WORK INSTRUCTIONS
What is needed here is an exact repetition of the records below, beginning at the line that has "Sicherheitssensor - 153270SA0D" and stopping after the line that has "Garden State Parkway Crash Photo".

MATERIAL FOR THIS EXERCISE
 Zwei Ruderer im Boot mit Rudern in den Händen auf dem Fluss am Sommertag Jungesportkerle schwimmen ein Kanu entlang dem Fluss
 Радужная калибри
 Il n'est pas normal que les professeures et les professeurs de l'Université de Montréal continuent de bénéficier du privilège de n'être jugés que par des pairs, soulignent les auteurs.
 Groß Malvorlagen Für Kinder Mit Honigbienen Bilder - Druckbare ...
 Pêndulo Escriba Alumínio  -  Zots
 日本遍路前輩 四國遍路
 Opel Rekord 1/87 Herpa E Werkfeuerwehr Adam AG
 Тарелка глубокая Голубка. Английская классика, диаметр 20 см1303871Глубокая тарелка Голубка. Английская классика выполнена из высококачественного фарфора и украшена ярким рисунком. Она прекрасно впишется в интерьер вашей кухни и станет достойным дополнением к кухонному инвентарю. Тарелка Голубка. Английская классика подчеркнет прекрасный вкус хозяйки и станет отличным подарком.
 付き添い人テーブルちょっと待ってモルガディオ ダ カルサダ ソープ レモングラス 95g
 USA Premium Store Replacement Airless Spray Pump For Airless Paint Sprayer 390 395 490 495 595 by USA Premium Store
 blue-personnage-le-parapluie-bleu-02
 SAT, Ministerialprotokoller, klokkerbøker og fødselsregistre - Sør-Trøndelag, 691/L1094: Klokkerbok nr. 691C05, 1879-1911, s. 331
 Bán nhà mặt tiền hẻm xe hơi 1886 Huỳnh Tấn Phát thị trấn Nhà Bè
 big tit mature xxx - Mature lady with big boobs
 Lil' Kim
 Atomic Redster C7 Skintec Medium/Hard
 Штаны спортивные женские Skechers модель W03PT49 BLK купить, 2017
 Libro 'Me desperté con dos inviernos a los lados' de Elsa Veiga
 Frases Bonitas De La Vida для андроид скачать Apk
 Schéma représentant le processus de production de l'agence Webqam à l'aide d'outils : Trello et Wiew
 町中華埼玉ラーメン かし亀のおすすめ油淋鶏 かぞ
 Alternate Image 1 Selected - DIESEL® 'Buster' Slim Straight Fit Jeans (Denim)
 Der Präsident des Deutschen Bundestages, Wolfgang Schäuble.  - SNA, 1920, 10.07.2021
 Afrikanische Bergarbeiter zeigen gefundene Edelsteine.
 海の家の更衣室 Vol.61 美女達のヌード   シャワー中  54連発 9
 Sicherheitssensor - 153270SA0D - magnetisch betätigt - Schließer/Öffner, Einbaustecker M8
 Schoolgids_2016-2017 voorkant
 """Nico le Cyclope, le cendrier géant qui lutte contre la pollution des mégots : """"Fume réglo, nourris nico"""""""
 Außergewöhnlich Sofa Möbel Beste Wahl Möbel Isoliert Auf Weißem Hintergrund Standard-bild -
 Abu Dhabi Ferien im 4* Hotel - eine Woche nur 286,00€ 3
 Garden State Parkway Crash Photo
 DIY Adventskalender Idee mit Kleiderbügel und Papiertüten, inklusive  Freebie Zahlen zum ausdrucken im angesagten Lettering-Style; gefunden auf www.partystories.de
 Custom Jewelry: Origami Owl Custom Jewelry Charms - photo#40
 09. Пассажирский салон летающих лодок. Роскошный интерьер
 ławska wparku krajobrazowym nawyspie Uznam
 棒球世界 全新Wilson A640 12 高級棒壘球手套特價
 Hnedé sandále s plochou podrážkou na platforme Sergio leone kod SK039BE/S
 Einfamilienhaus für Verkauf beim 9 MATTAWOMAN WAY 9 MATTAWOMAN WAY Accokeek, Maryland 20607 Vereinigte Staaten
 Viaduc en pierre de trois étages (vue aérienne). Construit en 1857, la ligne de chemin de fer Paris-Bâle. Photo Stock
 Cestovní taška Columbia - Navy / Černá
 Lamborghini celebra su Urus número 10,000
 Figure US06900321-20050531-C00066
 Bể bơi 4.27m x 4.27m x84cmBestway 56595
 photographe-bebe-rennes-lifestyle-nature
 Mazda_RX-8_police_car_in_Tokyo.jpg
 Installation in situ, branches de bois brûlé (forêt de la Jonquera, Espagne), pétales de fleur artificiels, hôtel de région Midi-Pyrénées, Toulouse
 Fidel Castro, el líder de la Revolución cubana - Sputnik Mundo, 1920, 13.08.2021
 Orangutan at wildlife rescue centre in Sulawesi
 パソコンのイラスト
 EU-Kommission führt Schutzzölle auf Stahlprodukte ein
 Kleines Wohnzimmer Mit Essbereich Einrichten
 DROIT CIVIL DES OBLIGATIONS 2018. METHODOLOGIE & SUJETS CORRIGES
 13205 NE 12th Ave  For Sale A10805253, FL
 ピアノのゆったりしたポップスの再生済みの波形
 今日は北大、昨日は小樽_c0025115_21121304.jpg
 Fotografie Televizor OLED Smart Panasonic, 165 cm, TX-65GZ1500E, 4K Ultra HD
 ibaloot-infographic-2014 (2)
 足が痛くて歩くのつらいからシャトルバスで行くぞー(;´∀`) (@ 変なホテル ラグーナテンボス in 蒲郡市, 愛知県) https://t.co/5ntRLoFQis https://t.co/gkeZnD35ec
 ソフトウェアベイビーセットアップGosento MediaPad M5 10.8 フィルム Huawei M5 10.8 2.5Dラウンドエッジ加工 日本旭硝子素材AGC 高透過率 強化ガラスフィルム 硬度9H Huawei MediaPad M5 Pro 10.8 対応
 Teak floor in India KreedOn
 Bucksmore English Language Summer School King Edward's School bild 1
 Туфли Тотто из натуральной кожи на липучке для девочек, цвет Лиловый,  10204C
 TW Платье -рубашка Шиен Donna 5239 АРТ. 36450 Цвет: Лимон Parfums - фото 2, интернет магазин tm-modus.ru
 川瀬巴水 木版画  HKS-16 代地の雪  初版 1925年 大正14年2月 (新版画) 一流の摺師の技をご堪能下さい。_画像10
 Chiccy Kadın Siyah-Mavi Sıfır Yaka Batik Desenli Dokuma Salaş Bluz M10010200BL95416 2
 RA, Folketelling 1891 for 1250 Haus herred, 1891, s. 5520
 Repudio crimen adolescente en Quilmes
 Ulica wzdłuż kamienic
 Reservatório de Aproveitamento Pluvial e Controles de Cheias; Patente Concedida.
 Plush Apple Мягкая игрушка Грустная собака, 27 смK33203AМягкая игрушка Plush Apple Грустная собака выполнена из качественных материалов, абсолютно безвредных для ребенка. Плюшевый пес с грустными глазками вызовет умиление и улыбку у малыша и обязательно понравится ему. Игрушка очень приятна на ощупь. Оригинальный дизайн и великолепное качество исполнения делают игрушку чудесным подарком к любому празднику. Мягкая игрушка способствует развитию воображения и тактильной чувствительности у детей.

RESULT
 Sicherheitssensor - 153270SA0D - magnetisch betätigt - Schließer/Öffner, Einbaustecker M8
 Schoolgids_2016-2017 voorkant
 """Nico le Cyclope, le cendrier géant qui lutte contre la pollution des mégots : """"Fume réglo, nourris nico"""""""
 Außergewöhnlich Sofa Möbel Beste Wahl Möbel Isoliert Auf Weißem Hintergrund Standard-bild -
 Abu Dhabi Ferien im 4* Hotel - eine Woche nur 286,00€ 3
 Garden State Parkway Crash Photo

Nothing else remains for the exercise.